GOAL OF THE EXERCISE - Excluding every picture, print exactly the lines from the one containing "خرید مسکن در تهران، با کف یک میلیارد!" through the end of the material below, both ends included.

SUPPLIED DATA -
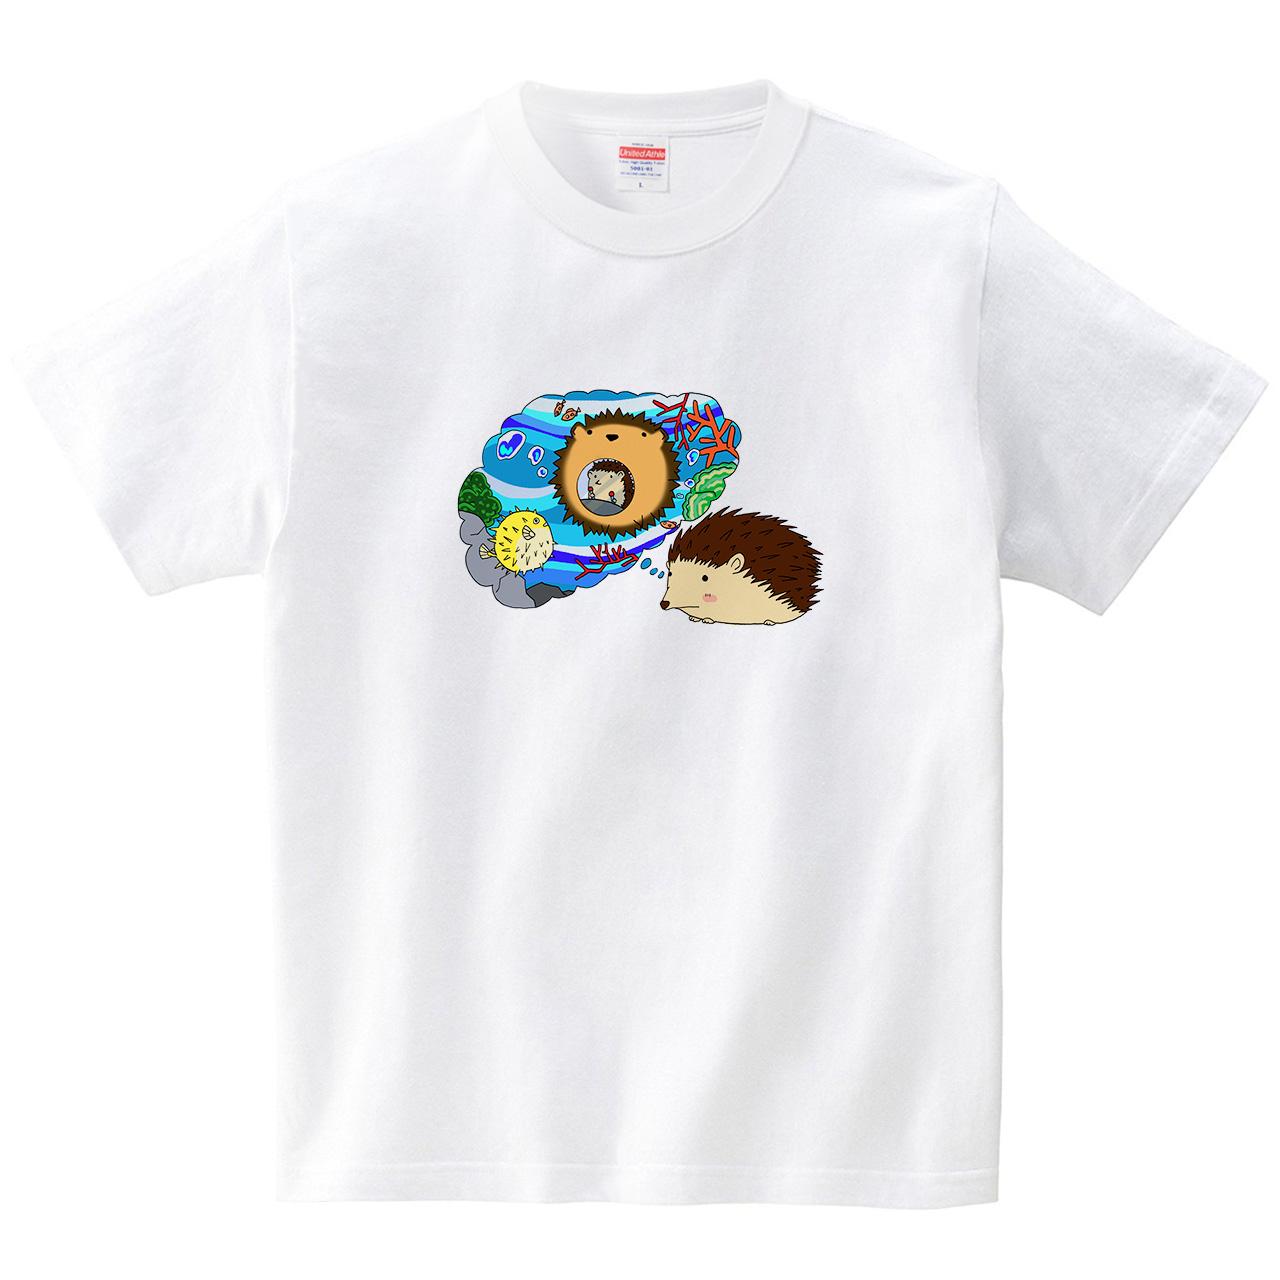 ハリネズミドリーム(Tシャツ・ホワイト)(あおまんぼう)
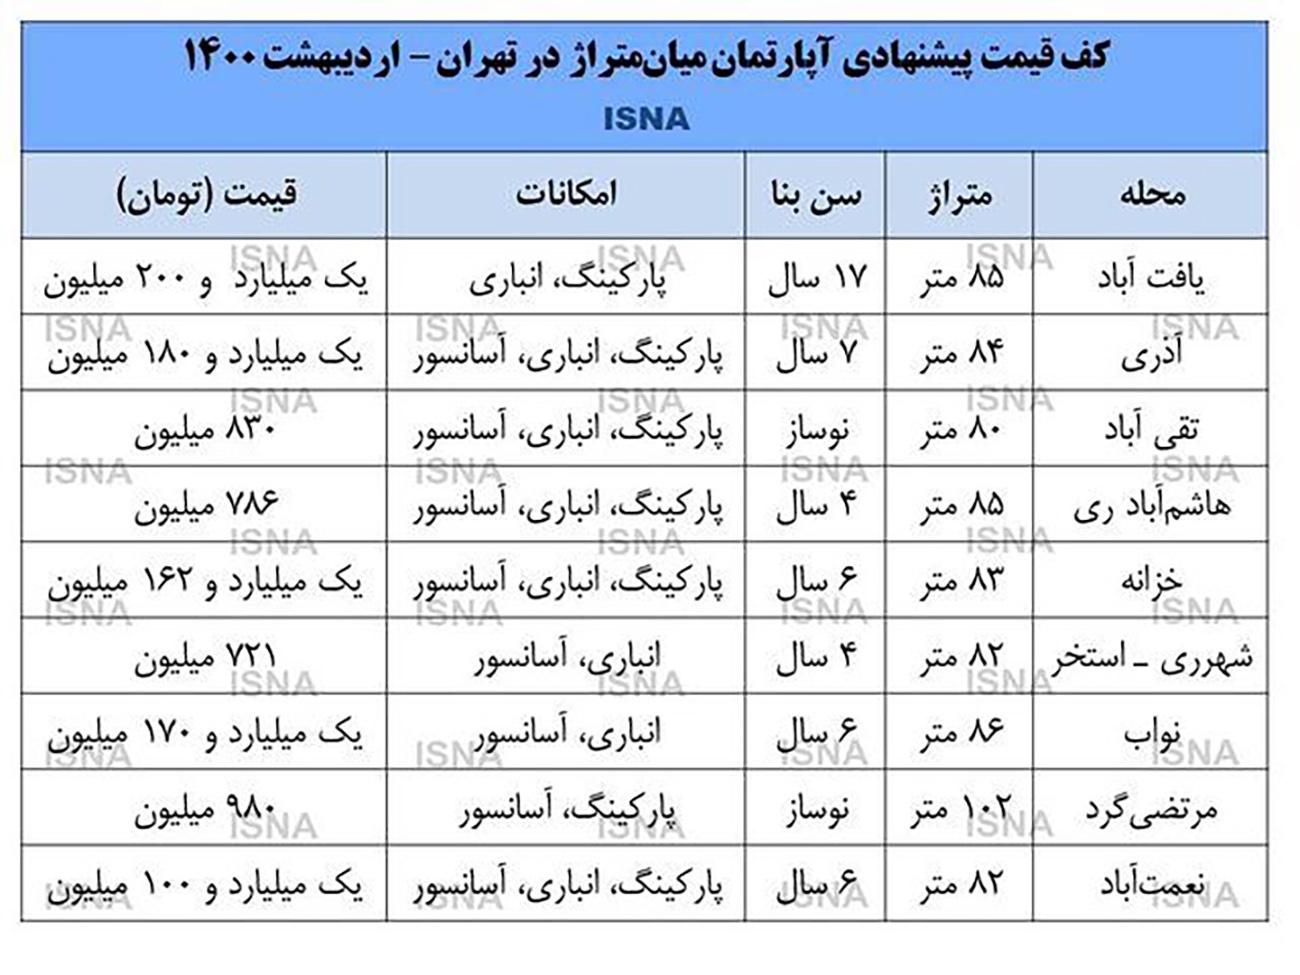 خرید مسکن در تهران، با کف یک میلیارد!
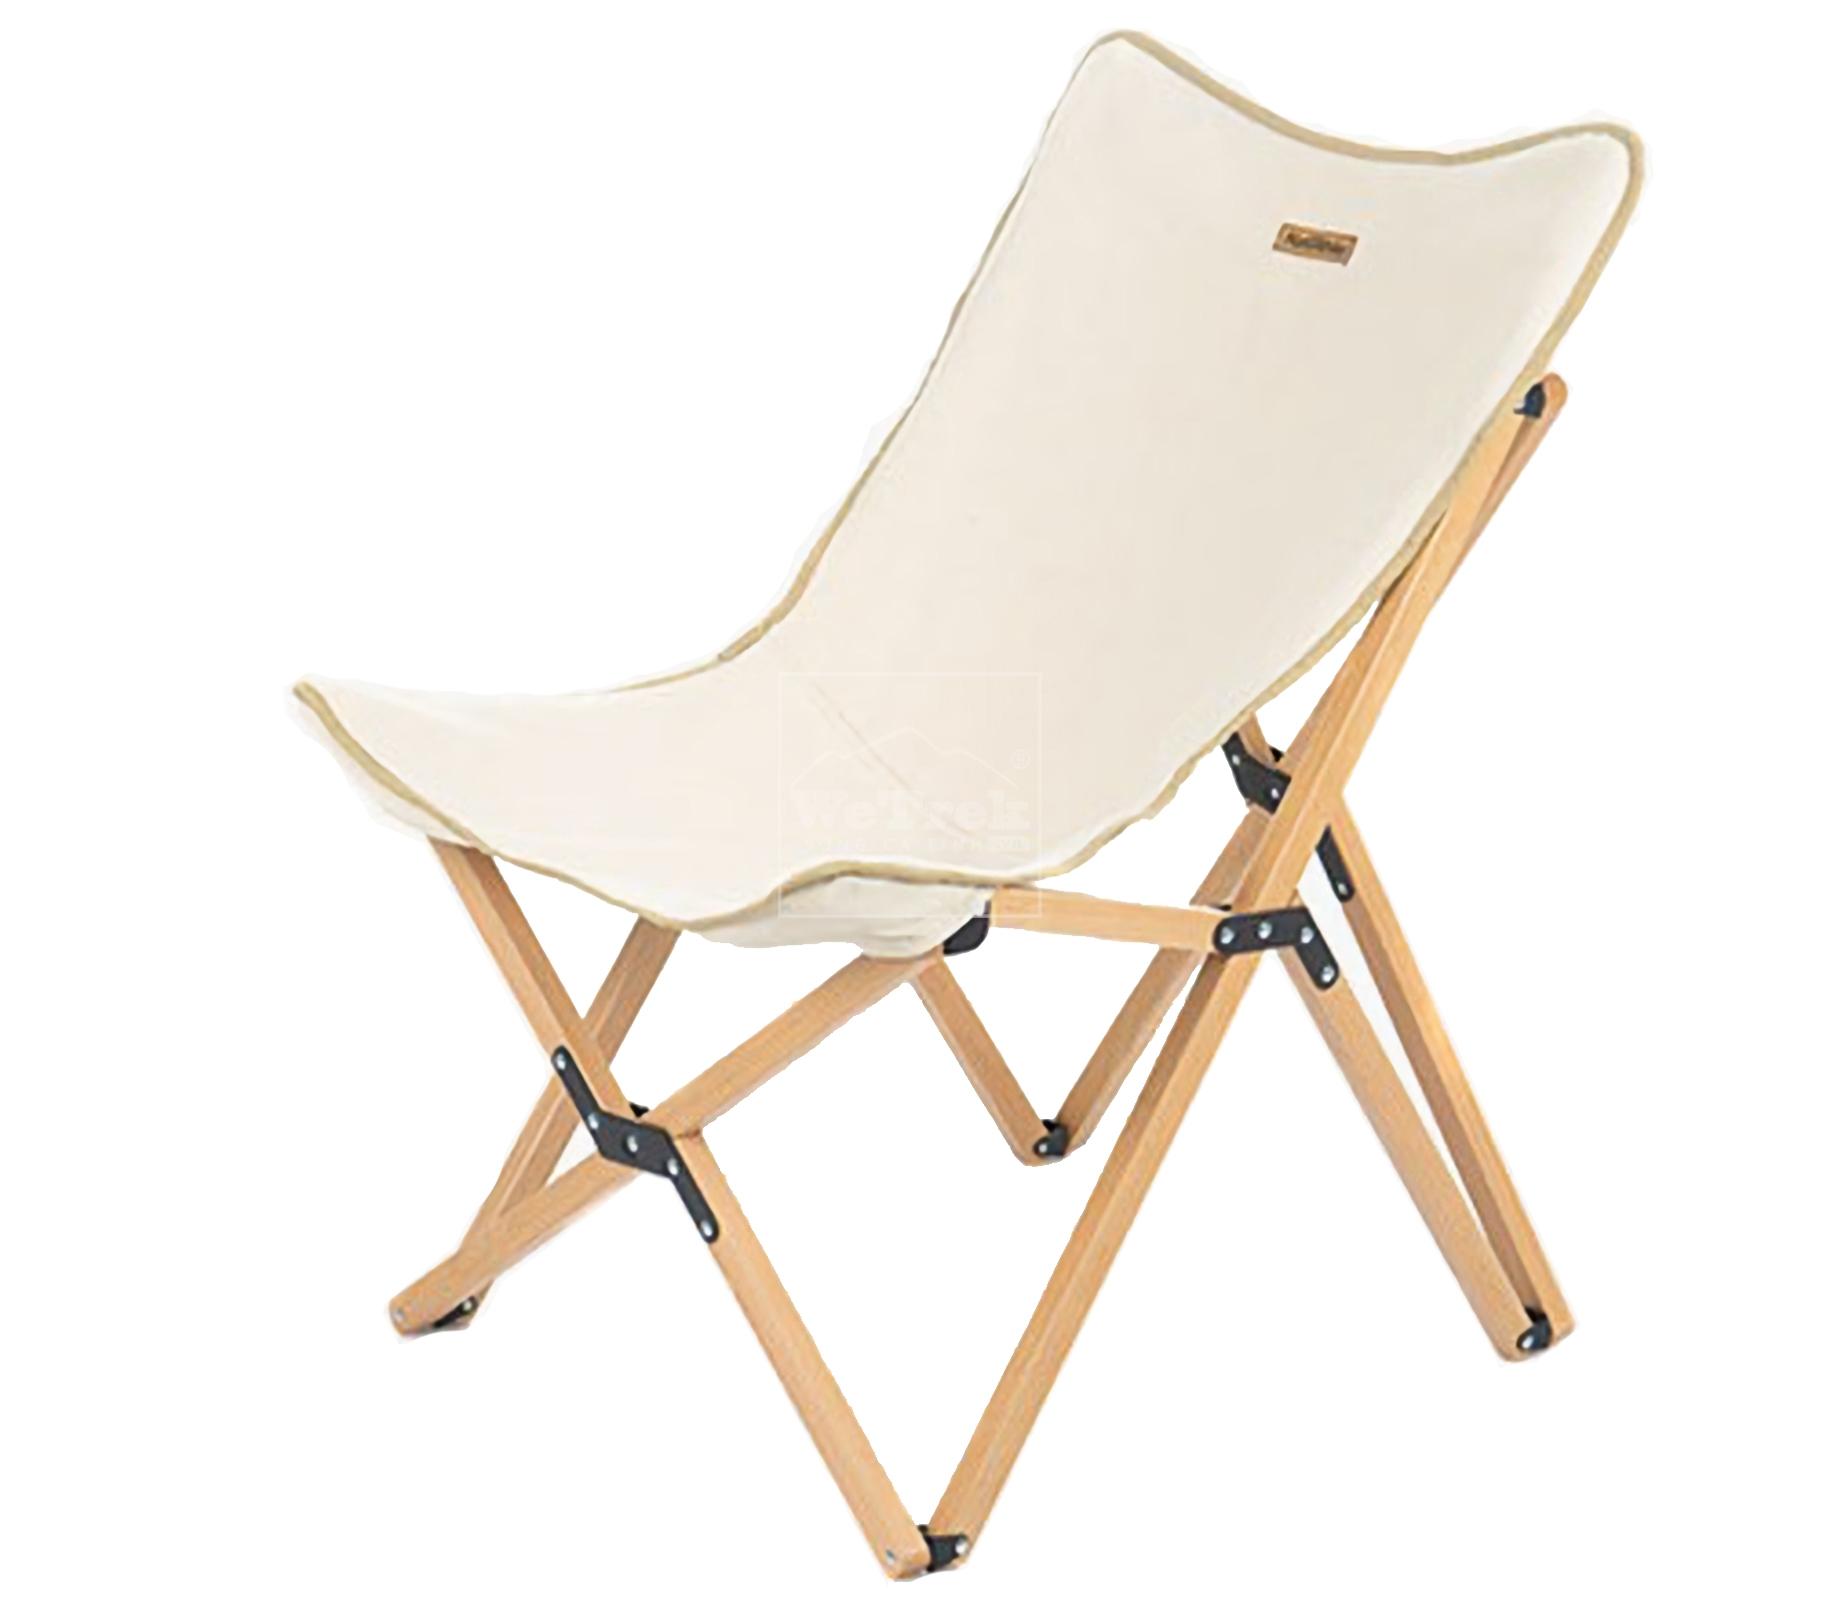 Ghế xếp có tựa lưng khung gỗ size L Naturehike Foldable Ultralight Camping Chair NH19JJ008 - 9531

SOLUTION -
 خرید مسکن در تهران، با کف یک میلیارد!
 Ghế xếp có tựa lưng khung gỗ size L Naturehike Foldable Ultralight Camping Chair NH19JJ008 - 9531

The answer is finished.